Re: Modeling question...

From: JOG <>
Date: Tue, 11 Nov 2008 08:58:30 -0800 (PST)
Message-ID: <>

On Oct 30, 2:03 pm, David BL <> wrote:
> On Oct 30, 7:41 pm, JOG <> wrote:
> > On Oct 30, 1:51 am, David BL <> wrote:
> > > On Oct 29, 8:39 pm, JOG <> wrote:
> > > > On Oct 29, 2:37 am, David BL <> wrote:
> > > > > On Oct 29, 9:13 am, JOG <> wrote:
> > > > > > The RM handles facts as naturally as stating them in predicate logic.
> > > > > > And why would one ever model things other than facts in predicate
> > > > > > logic?
> > > > > Exactly!
> > > > Then may I suggest that your argument is not with the RM, but with the
> > > > use of predicate logic to model equations, engines, etc. And yet this
> > > > to me seems trivially true - if I was modelling a human in an art
> > > > class I'd use clay, not predicate logic.
> > > I don't think it's quite so trivial.   For example, consider tri-
> > > surface as a value-type.  A simple type decomposition as a set of
> > > triangles where each triangle is independently defined by 3 vertices
> > > doesn't express the constraint that the triangles tend to meet each
> > > other.  It seems appropriate to introduce abstract identifiers for
> > > the vertices in order that they may be shared.
> > > This is evidently a relational solution.  However unlike typical uses of the RM there
> > > doesn't appear to be some external UoD to which the tuples,
> > > interpreted as propositions can be related.
> > I use Oracle Spatial to do exactly this sort of thing day in day out
> > in a geospatial domain, and no abstract identifers are introduced. The
> > coordinates of any vertex are used. That is what identifies them -
> > that is what is used (note that these coordinates can happily be
> > relative). Constraints to maintain adjacency use the spatial operators
> > offered by SDO_RELATE. It is very good.
> > I karate chop your example to pieces! Haiii-ya.
> Please forgive my ignorance - I'm not familiar with Oracle Spatial.

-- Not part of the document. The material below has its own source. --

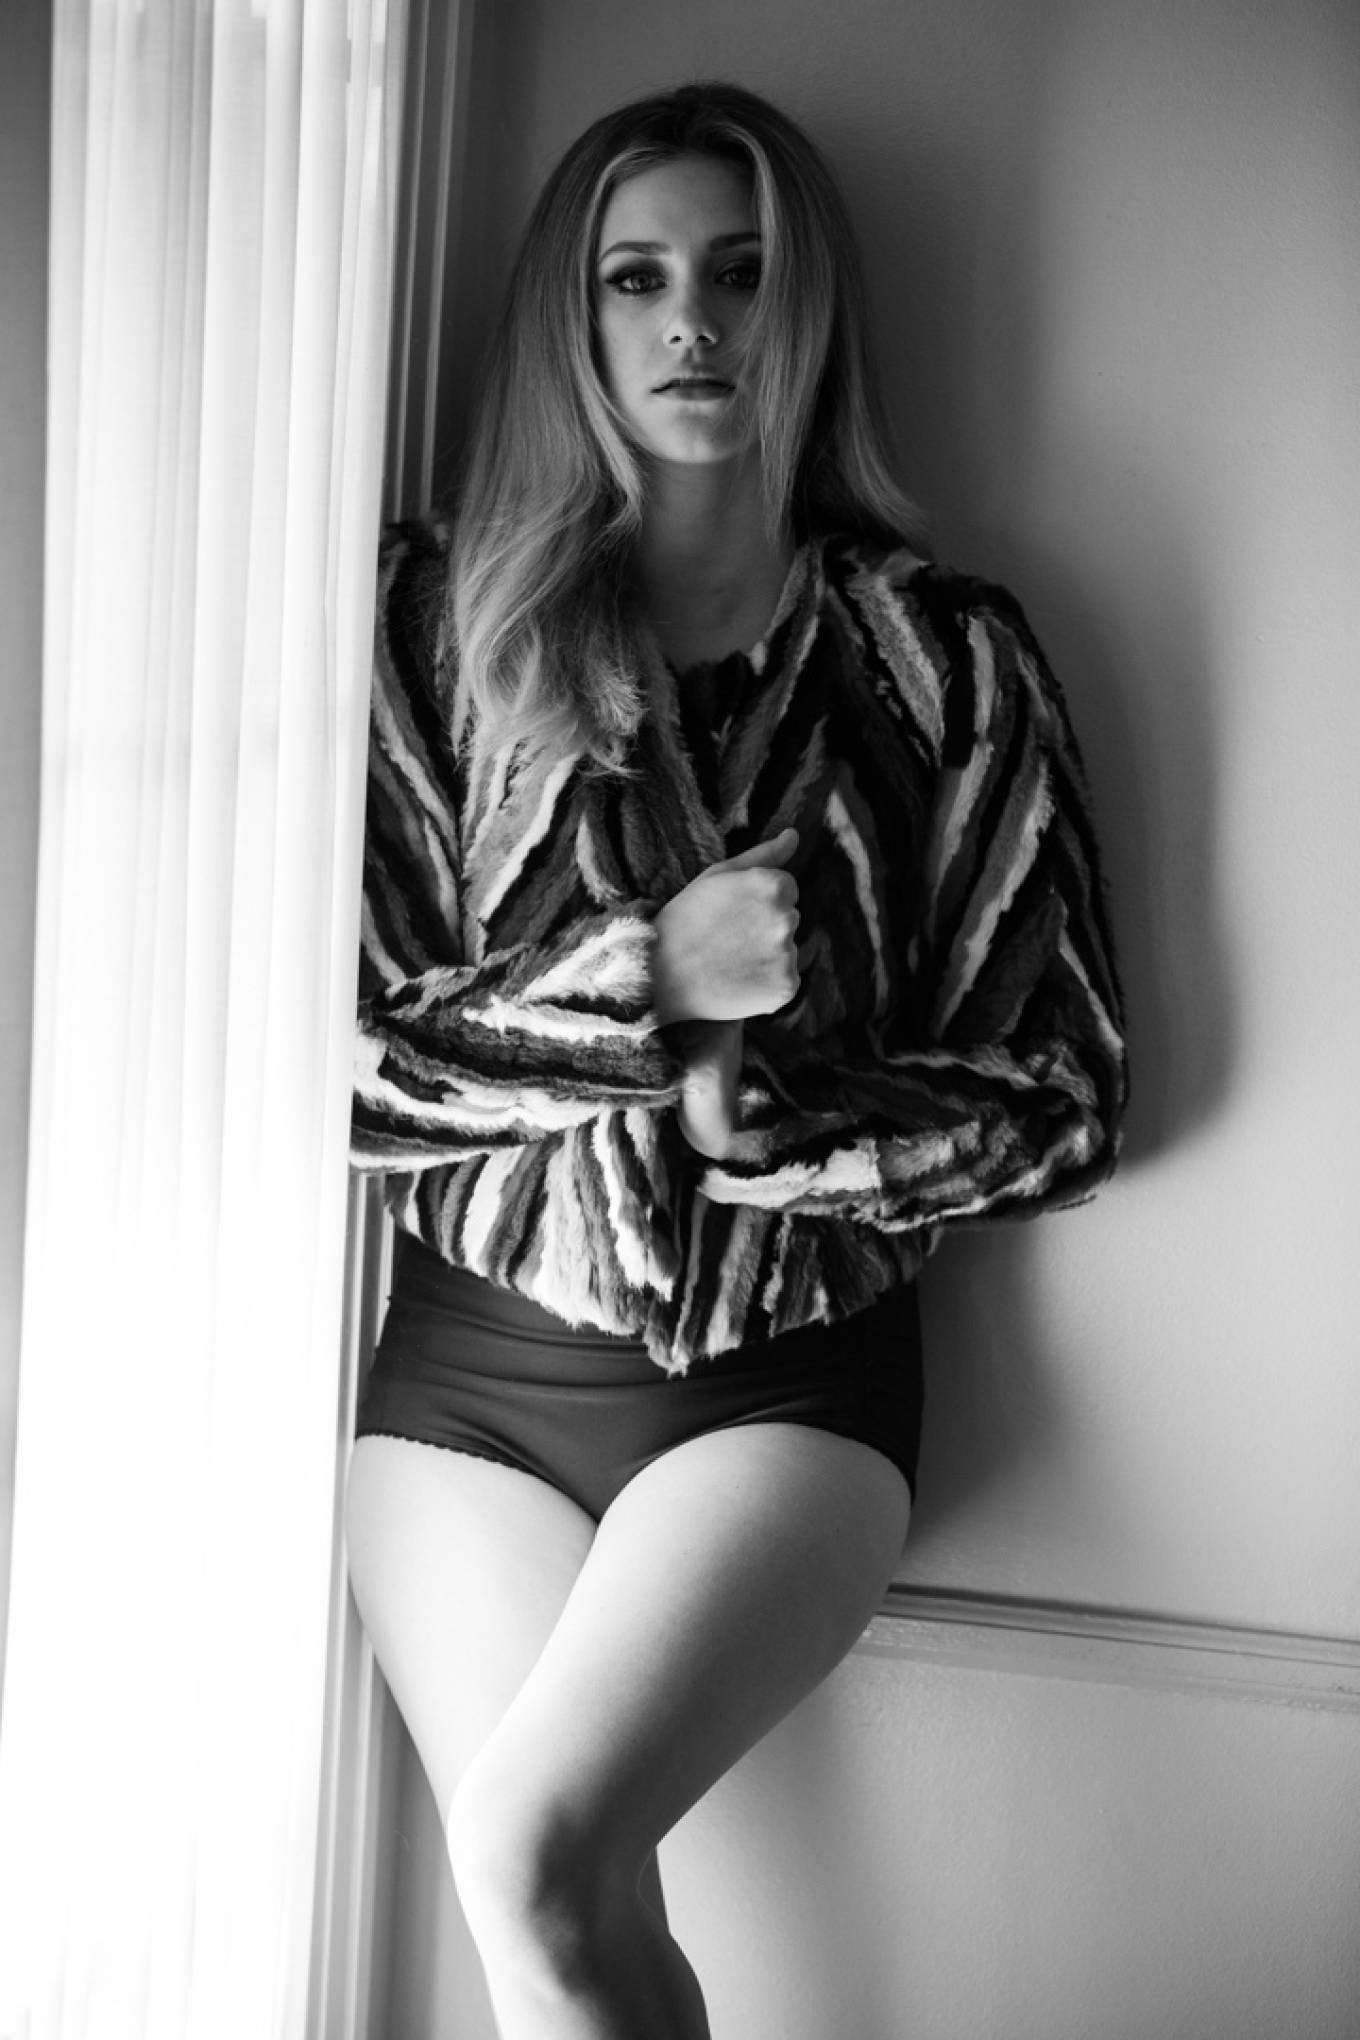 Lili Reinhart 2020 : Lili Reinhart – Ramona Rosales Photoshoot 2016-11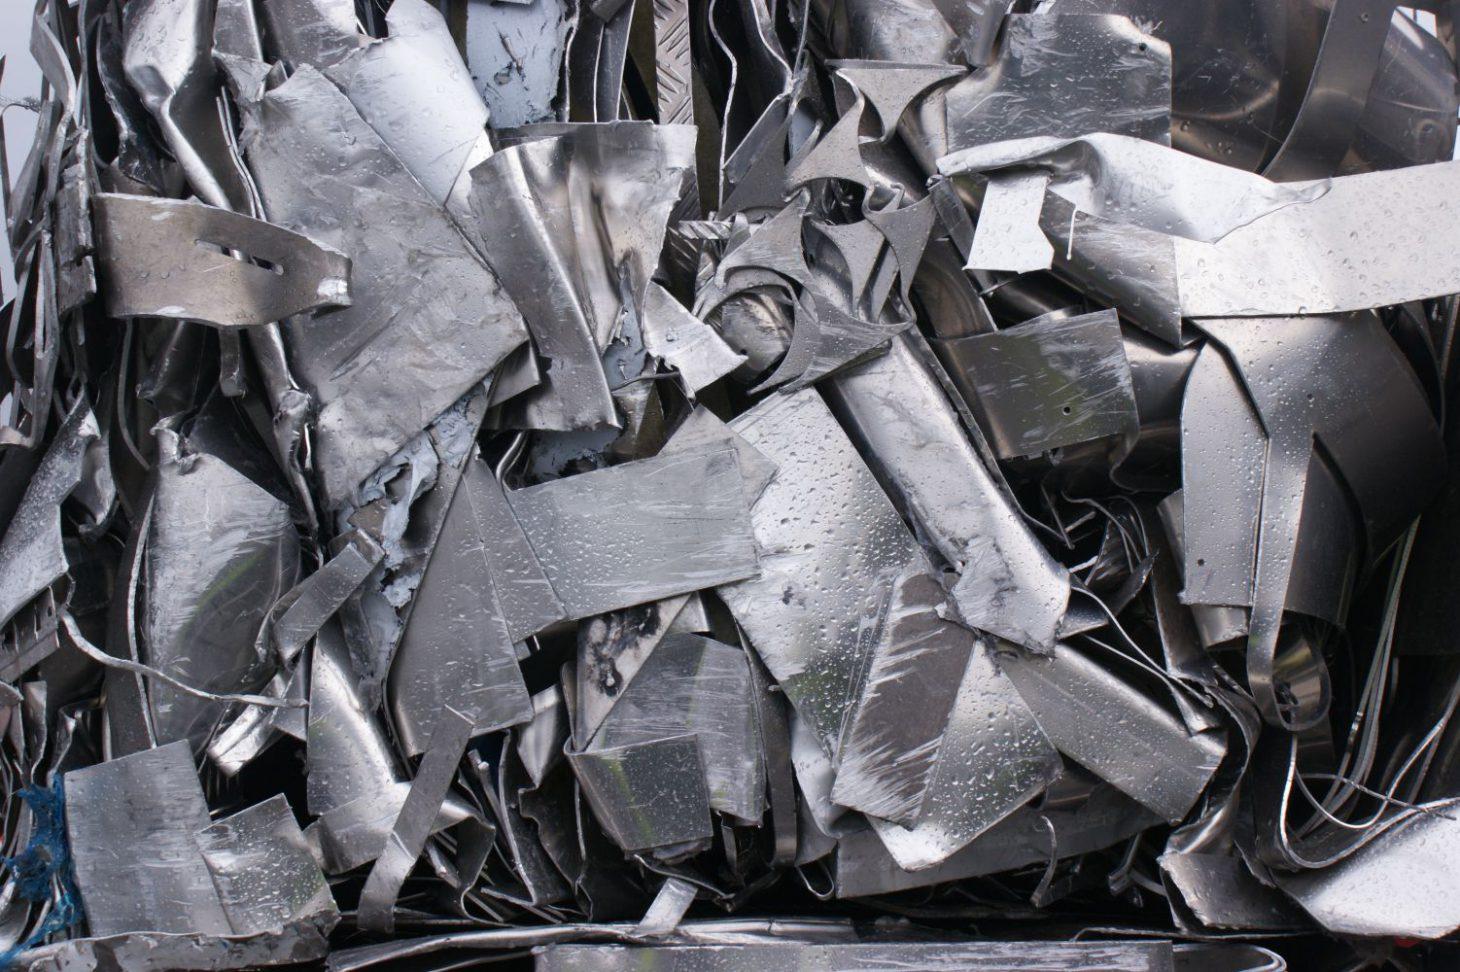 Scrap Stainless Steel

First apologies for the delay in response. I have been distracted by TTM.
> Are you suggesting that for a tri-surface all that is needed is a
> single relation for the triangles,

No, I meant I work with the polygon (SDO_GEOM) object types which Oracle Spatial makes available. Tri-surfaces are a different kettle of fish no doubt.

> and when for example you want to
> change what is conceptually a shared vertex (and so which is
> understood to impact multiple triangles), it is assumed that all
> vertex values that appear in the relation with that same value (ie
> coords) are indeed logically shared and therefore are all
> automatically updated by the DBMS at the same time?
> If so it is not
> clear to me how and when the DBMS knows that such an elaborate update
> policy is required.  I presume it is inferred from the integrity
> constraints.  Is that right?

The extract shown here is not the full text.